Hedge funds are not like the mutual funds that
most Americans are familiar with, many of which engage in lots of trades in an effort to produce greater returns than the market as
a whole. Over time the seactively managed mutual funds produce results no better than the market because they can't. Certainly
this or that fund manager can go a long time beating the market, winning gushing coverage and attracting more money to manage.
But those managers who consistently underperform the market offset these winners. They are less visible, getting little attention in
the business press and virtually none on the television financial shows. Add up the performance of everyone and you can get only
one result—society overall gets the market performance.

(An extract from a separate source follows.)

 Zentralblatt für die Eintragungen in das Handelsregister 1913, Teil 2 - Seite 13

Hedge funds also are not like private
investment pools or venture capital pools, which put money into existing or new companies to make them successful in the hope
of turning a profit. Hedge-fund managers buy and sell stocks, bonds, pork bellies, scrap steel, stock options, interest rate futures,
and anything they think they can make money buying and selling. With rare exceptions, they are not investors, but
speculators.

James Simons employs about 80 PhDs at Renaissance Technologies, which has
200 employees in total. Many of his workers write computer programs that spot anomalies in the market prices for stocks,
commodities, options, and even the expected rate of interest a week from next Thursday in Timbuktu. The computers then execute
trades to capture these gaps in prices, which are often momentary.

If this sounds like
gambling, it should. Hedge funds trace their history to a math professor who figured how to make money gambling in Las Vegas.
That is a neat trick, since every game comes with rules that give the house an advantage or add a fee, called
vigorish,
guaranteeing that overall the house wins and players lose.

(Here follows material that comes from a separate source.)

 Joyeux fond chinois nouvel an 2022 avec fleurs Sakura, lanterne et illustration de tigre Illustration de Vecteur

Back in 1962 this professor of mathematics and statistics at the University of Southern California, Edward O.
Thorp, published a book called
Beat the Dealer
. Thorp showed that anyone smart
enough to keep track of all the cards at a blackjack table, and who always made the choice with the greatest probability of winning,
would walk away a winner. The gains were slim, though. A card counter could take the house for as much as a nickel for each
dollar bet, but more likely it would be less, as little as a fraction of a penny.

The Vegas casinos
quickly caught on to this strategy. They persuaded the Nevada regulators to let them toss out anyone suspected of counting
cards, a rule in force everywhere there are casinos in America. At Binion's, a downtown gambling house started by a man who was
convicted of one murder, charged with two, and suspected of blowing up an FBI agent, some card counters were beaten within an
inch of their lives. At least once the punches extended an inch too far.

Professor Thorp was
smart enough to know there were other ways to apply his statistical knowledge and eliminate the risk of violent reprisal. Seven
years after publishing
Beat the Dealer
, Thorp started an investment firm called
Convertible Hedge Associates, later renamed Princeton-Newport Partners. Thorp and a half dozen or so associates used early
computers to look for differences in the price of stocks, buying low on one exchange and selling high on another.

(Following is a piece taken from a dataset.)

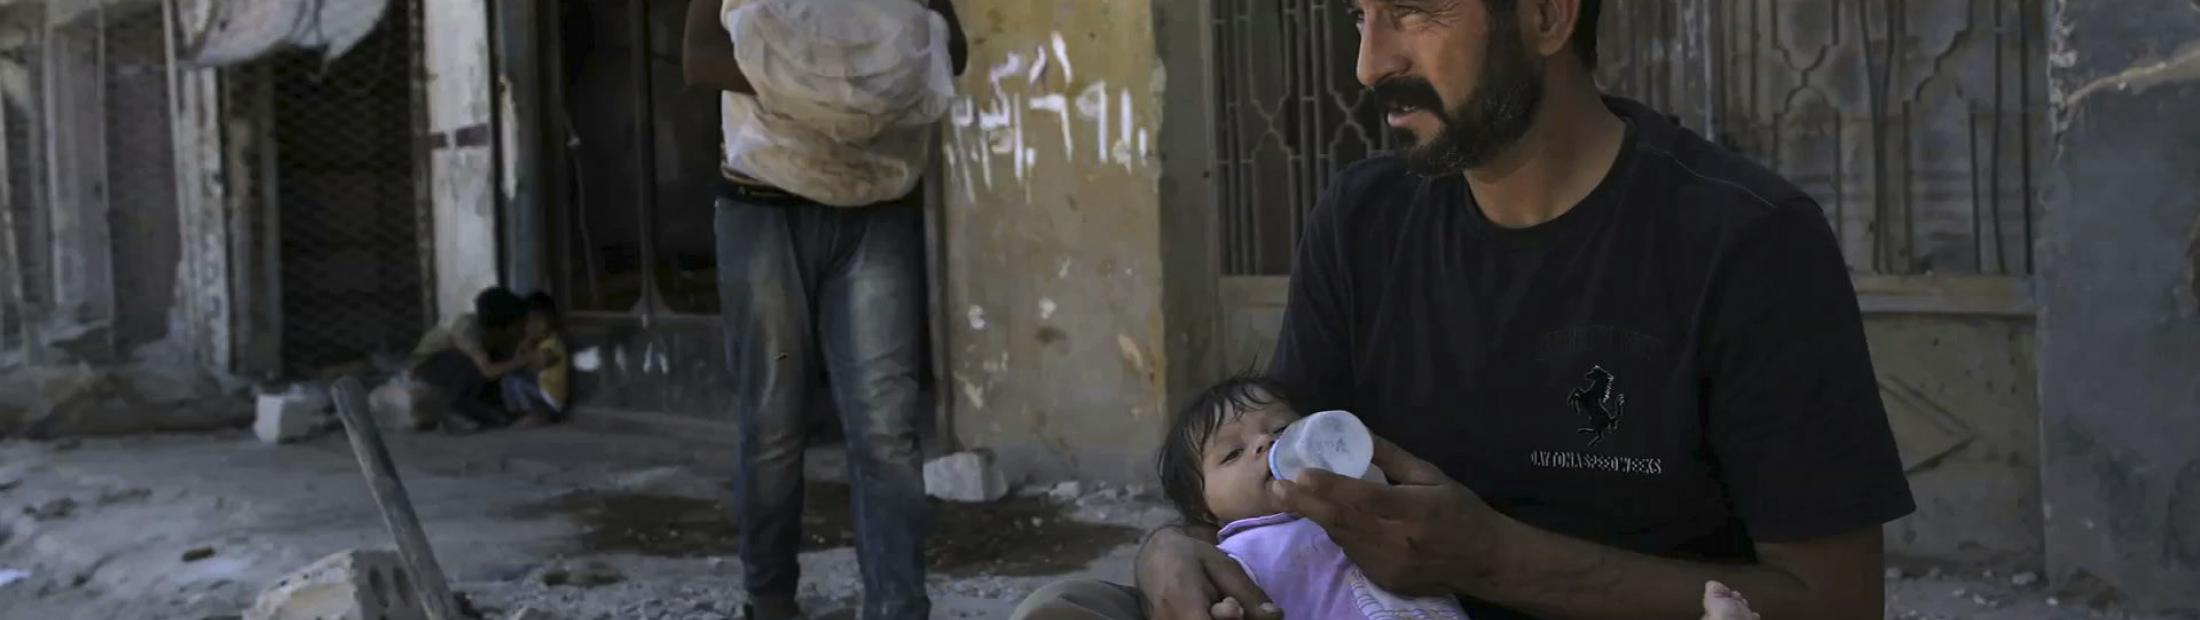 Las duras condiciones de vida en Homs y en otras ciudades sirias

It was classic arbitrage with a high tech boost. The professor quickly proved that he could beat the stock
market, too. Some years his investors reported gains of nearly 50 percent while the market moved in single digits. It was also easy
pickings. Back in those days, most stocks were owned by individual investors, the opposite of today when mutual funds, pension
plans, charitable endowments and, more recently, hedge funds hold most of the shares. Professionals are much more efficient
traders than amateur investors. Back then most shares were traded through face-to-face negotiation on stock exchange trading
floors. Gaps in prices were the norm.

Increasingly, trades are automated, software programs
deciding when to buy and when to sell. And price gaps are measured not in the blink of an eye, but at the speed of light. That was
what prompted Dave Cummings to move his TradeBot Systems from Kansas City to New York, as discussed in an earlier chapter.
He improved profits by shaving 19/1,000 of a second off the time it takes a sell or buy signal from one of his company's computers
to reach the automated trading market.